Editorial: Obscene levels of poverty and wealth


As union flags drape over public buildings and smirking politicians and celebrities alike promote Olympic fervour, a number of recent events have highlighted the stark inequalities that exist in Britain today.

In June, a 48-year-old man tied himself to the railings of a Jobcentre, doused himself in flammable liquid and set himself ablaze. (See Guardian, 29 June 2012)

This desperate act reveals, in the most brutal of terms, that poverty in Britain is not only material deprivation, in which sky scrapers are erected and social housing bulldozed, but a multi-dimensional assault – physical and psychological – on working-class people.

Indeed, research published last month by the Centre for the Modern Family showed that one in five British families are ‘living on the edge’. (See Independent, 26 June 2012)

As retail food prices have increased by 25 percent since 2008, and the price of child care and average household bills have sky-rocketed, so too have levels of stress and mental ill health. (See Economist, 23 June 2012)

This reality is worse still in the north of England, Wales and Scotland. And, throughout the country, young people are bearing the brunt of British austerity.

Since last year’s youth uprisings, dubbed criminal rioting by bourgeois commentators, no serious attempt to tackle youth poverty has occurred. In fact, changes to benefit entitlement have pushed thousands more into deprivation; implanting feelings of failure, shame and psychological distress upon an entire generation of young people. (See BBC News Online, 11 October 2011)

It is only logical, therefore, that – with a diminutive job market, an education system that is being progressively commodified, and a vanishing NHS – class antagonisms will intensify and uprisings may become as much a part of the British summertime as corporate-sponsored sporting events.

From the student activist to the unemployed youth, in the classroom and in the street, young people are awakening to discover that our political and economic system is not designed to help realise their potential but only to exploit the labour of some and utterly discard the rest.

They are also discovering that our system is designed to enrich a tiny handful of financiers. It was revealed this month that the super-rich have between $21tr and $32tr stashed away in tax havens. (See cnn.com, 25 July 2012)
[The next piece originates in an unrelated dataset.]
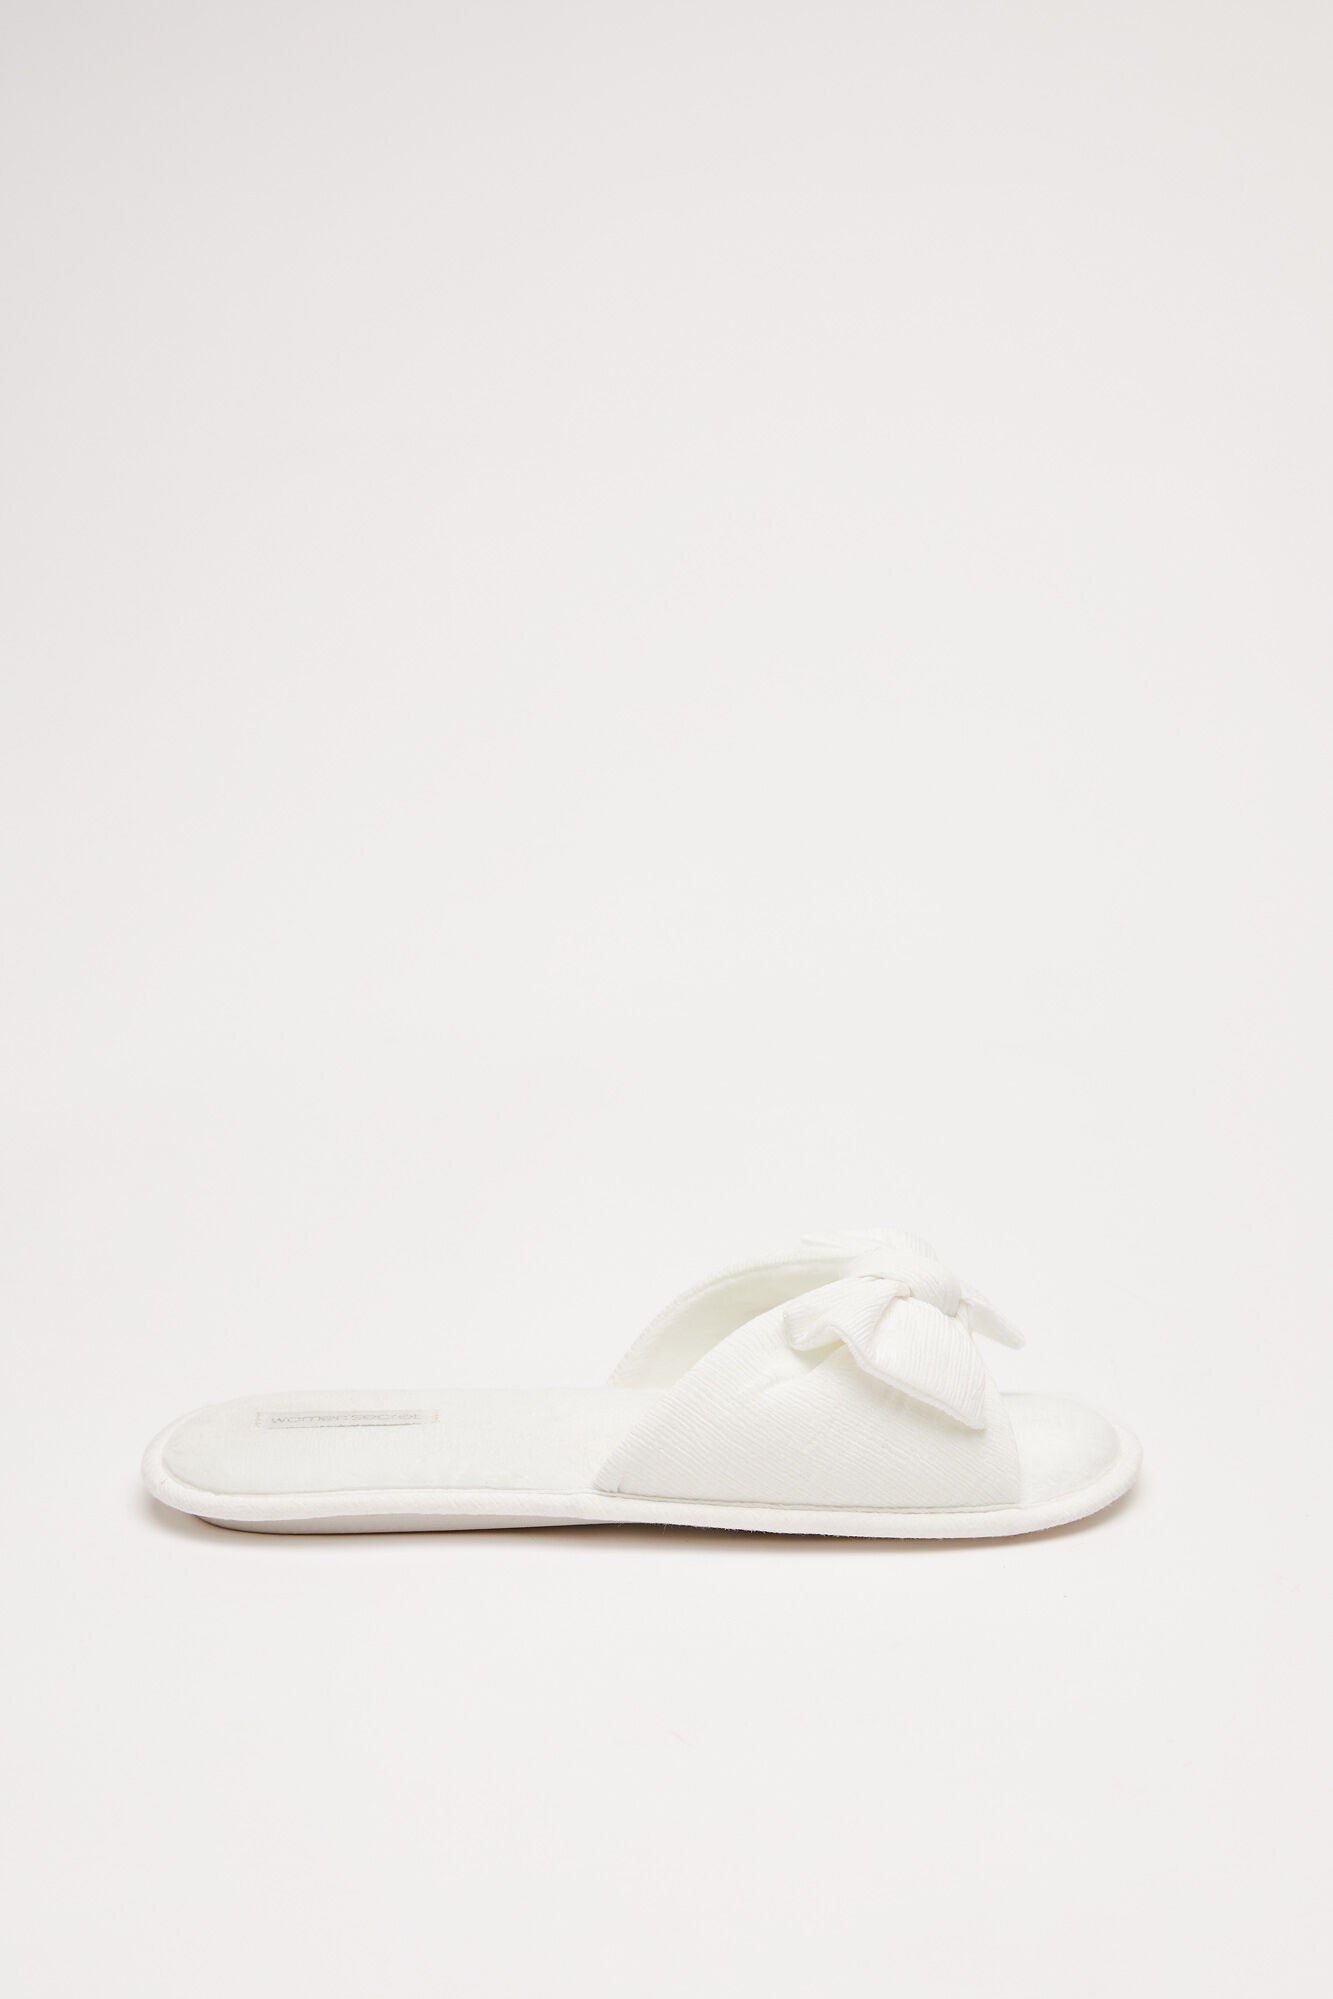 White bow open toed slippers

This is not a charge from radical opponents of capitalism, but the findings of bourgeois investigation. Nor are these the dealings of shadowy businesses but the recognised and admitted practice of the world’s largest financial institutions. It is an astonishing figure, greater than the GDP of any imperialist nation, and it is the kind of wealth that could eradicate poverty for vast swathes of humanity.

There could not be a clearer example of how income disparity and material and psychological deprivation is becoming more acute in modern Britain. As welfare safety nets disappear, and government oppression increases, we should not only expect greater incidence of civil unrest but prepare to inject it with ideological direction.

Communists must seek to build and lead popular mass movements for real change; for a mere change of government will not suffice. Only an entirely new system can offer our youth a positive future.